Ralph always perks up when Morris’s thirteen-year-old daughter, Kassie Jo, her brown hair mussed and legs endless in long, yellow satin Utopia athletic shorts, drops by to check on her box of kittens and grab her book bag before the school bell.
“Mornin’, pardner!”
“Hiya, sir!”
“You got a track meet this weekend, Kassadilla?”
“Yessir, it’s going to be a tough one. See ya!”
Ralph used to have conversations like this with all the kids in town, who had it clocked that they could walk from school in a minute and a half flat for sandwiches and apples and sodas at lunchtime. When Ralph and his best friend, Kenneth, ran the place, all the upperclassmen would come by in the middle of the day, laying their relationship and family troubles out on the counter, hoping for some wise counsel before they shuffled back for afternoon classes. Now the kids eat in the cafeteria or get premade burritos at the gas station or panini sandwiches at the recently opened coffee house, which has WiFi, a drive-through, and a flattering write-up in The New York Times framed and hung on the wall. (The owners, a cheerful and hardworking middle-aged couple, are also newcomers.

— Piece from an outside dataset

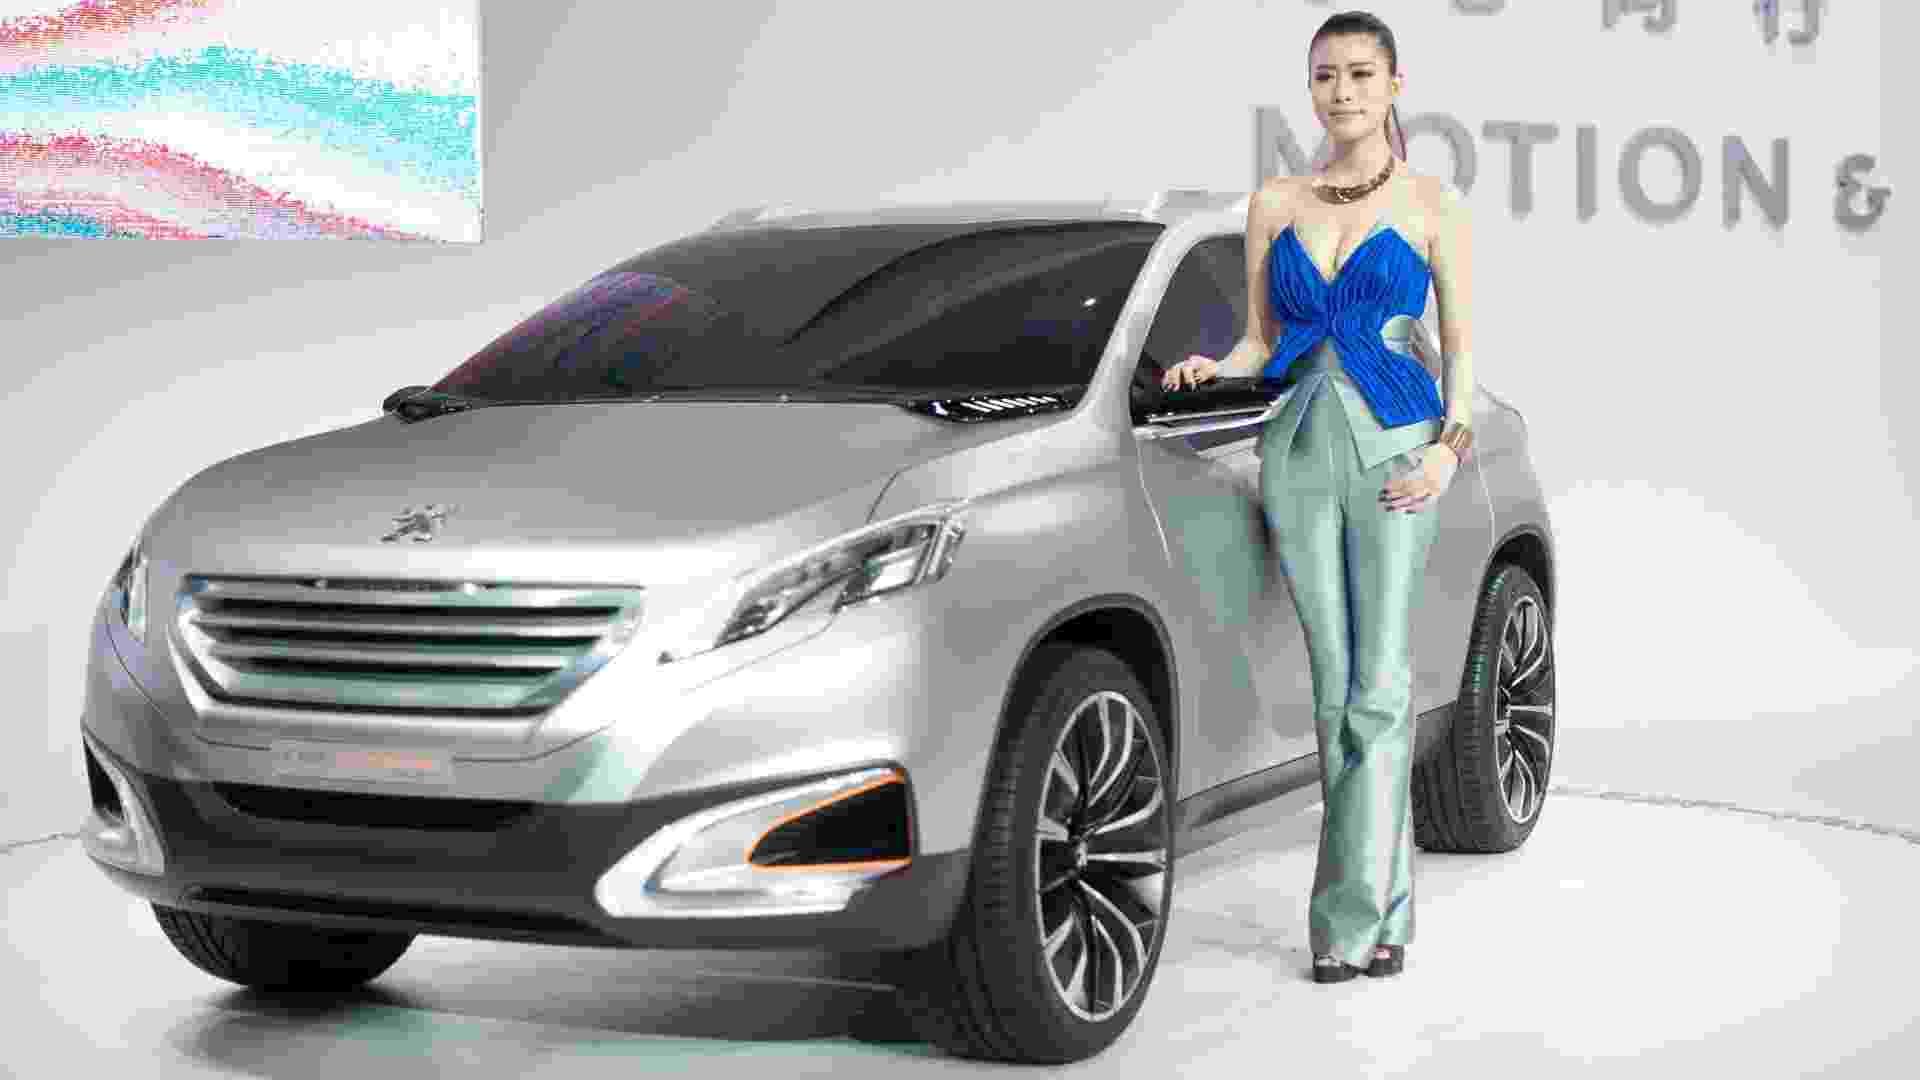 Peugeot confirma fabricação do 2008 no Brasil. Modelo será um SUV compacto baseado no 208 e vai enfrentar o EcoSport - Ed Jones/AFP

For a few months after their arrival, a casual rumor persisted in town that the man, because of his Italian last name, was a mobster lying low in witness protection.)
The coffee drinkers float from talk about the weather to town gossip to the routine foibles of the many newcomers who now populate their once insular community. They like to remind Ted that he, too, is and always will be a newcomer to Utopia. The accepted rule here is that if one of your grandparents was born in Utopia, only then can you claim it as your own. When the coffee drinkers call someone a newcomer, the word begins with a growl and trails off in a sigh. People fresh to town who wander into the store in the innocent search for milk or paper towels usually have the good sense to cling to the side aisles rather than submit themselves to the long scrutiny offered by that march down center. When Ralph doesn’t recognize someone—and he is depressed by the number of strangers in town these days—he tucks his chin in rote acknowledgment of the customer nodding nervously at the gathered men. Then he shakes his head, groaning “foreigner” under his breath.
“Ralph just wants the newcomers to drive through town without stopping, throwing money out the window the whole way,” says Ted, who moved from Port Lavaca in 1985. Well, Ralph likes Ted just fine, considers him to be one of his closest friends in fact. But it is hard to name a problem in Utopia—the road construction, the drinking and the drugging, the loss of fellowship and of land that’s been in families for generations—that the man doesn’t blame on newcomers.
A lot of people here will tell you that the heart of Utopia beats loudest on Sunday mornings at the many churches. But I believe it’s at the back of the General Store where you’ll find its soul. The coffee drinkers, Utopia’s own Greek chorus, could tell me what life used to be like in Utopia and why they were scared to let go of that nostalgia. Of course, if a stranger is a rare sight at coffee, women are more like a myth, spoken of in hushed tones so as not to encourage their reappearance. When I told a woman in town that I was hoping to inflict myself on the men’s early morning routine, she looked at me with a disconcerting mixture of suspicion and pity.